Yes it is, if you think so.
Entropy is computed from an estimated probability distribution. There is no way to know what was the probabilities for the annotators to chose each category, if they didn't pick one. So you can assume that the unobserved distribution for each missing observation corresponds to the observed ones (those that were chosen by the other annotators).
This solution is natural if you think, as you may do, that if the annotator didn't decide any category, it was because he/she was willing to give this choice to someone else, ready to accept their decision. In that case, it makes completely sense to compute entropy simply discarding missing values, they are not important.
What if you don't think it this way?
In statistics, the choice of the best solution for some problem really depends on how you read data. Missings, more than anything, can be read in different ways.
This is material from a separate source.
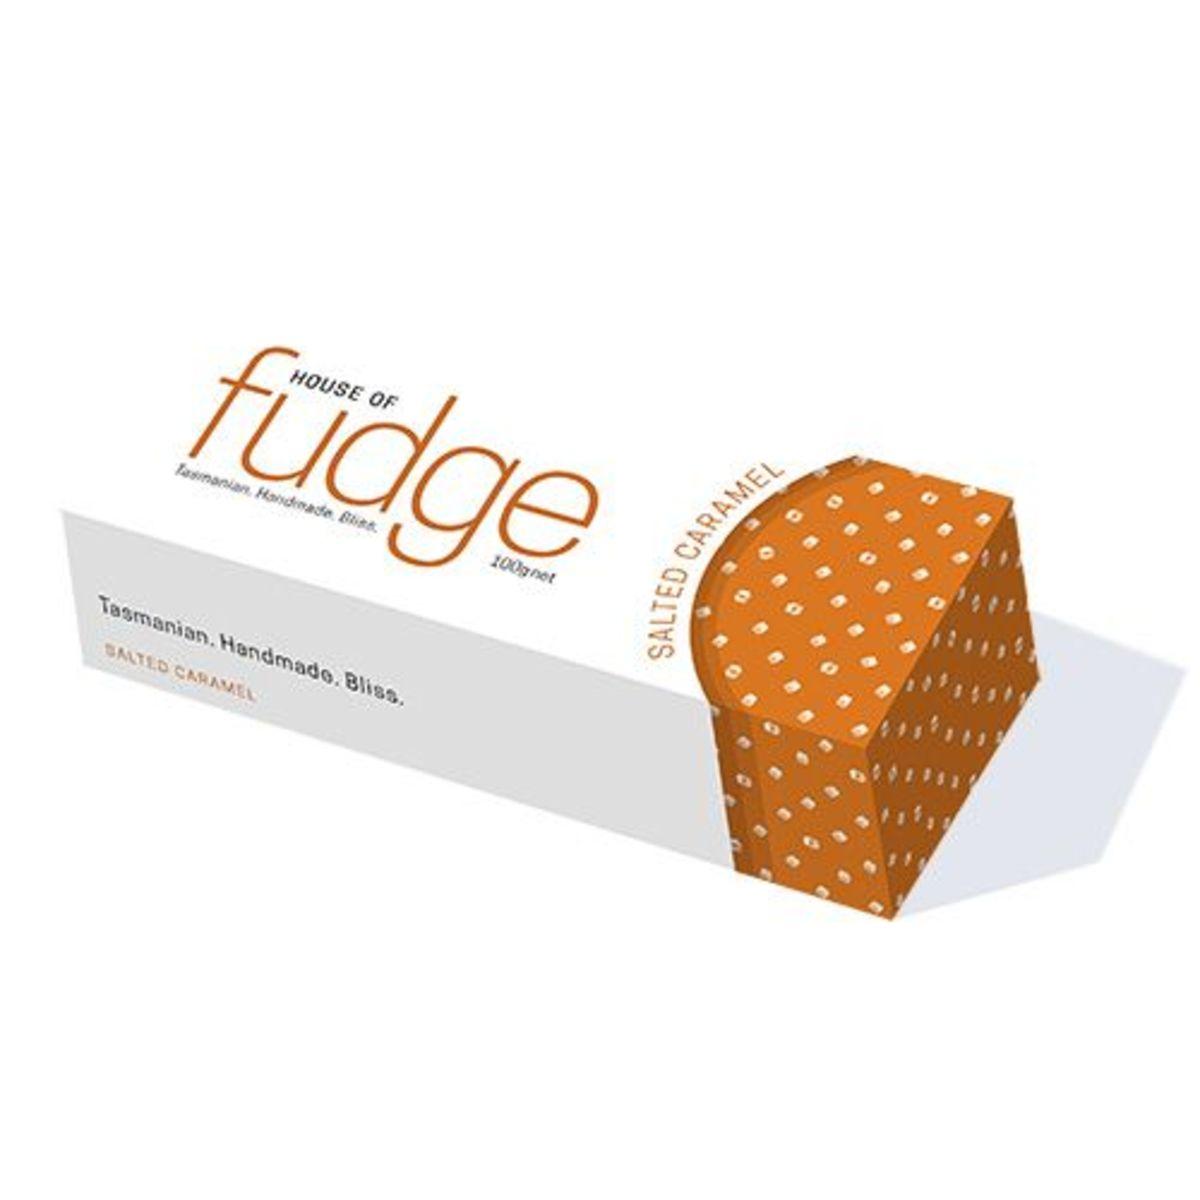 House of Fudge - Salted Caramel

You may think that the trivial method above biases estimates, because missing values express doubt, not tacit agreement to the other annotators' choice, whatever it was. In this case you could add a kind of bayesian prior to each distribution giving equal chances to each category, to do so just add three columns to you dataset, with all their values equal to one of the category. The computed entropies will all be higher, but this will affect mainly the instances with more missings, instead those with few missings will have their entropy raised less. This way the agreement among instances may be ranked in a different order, with a preference for instances with less missing categorizations.
Example:
| simple | adjusted
annotator_1 | annotator_2 | annotator_3 | annotator_4 | annotator_5 | entropy | entropy
-----------------------------------------------------------------------------------------
a a a a c 0.5 0.9
a a 0 0.95
Here the second row expresses better agreement if you simply drop the missings, but worse agreement when adding the "uncertainty prior", which is the three virtual different values.
Which one between these two solutions is better, only depends on your take on the data, unless this is part of some model of which performance you can assess on a hold-out set. I don't think this choice will change much anyway.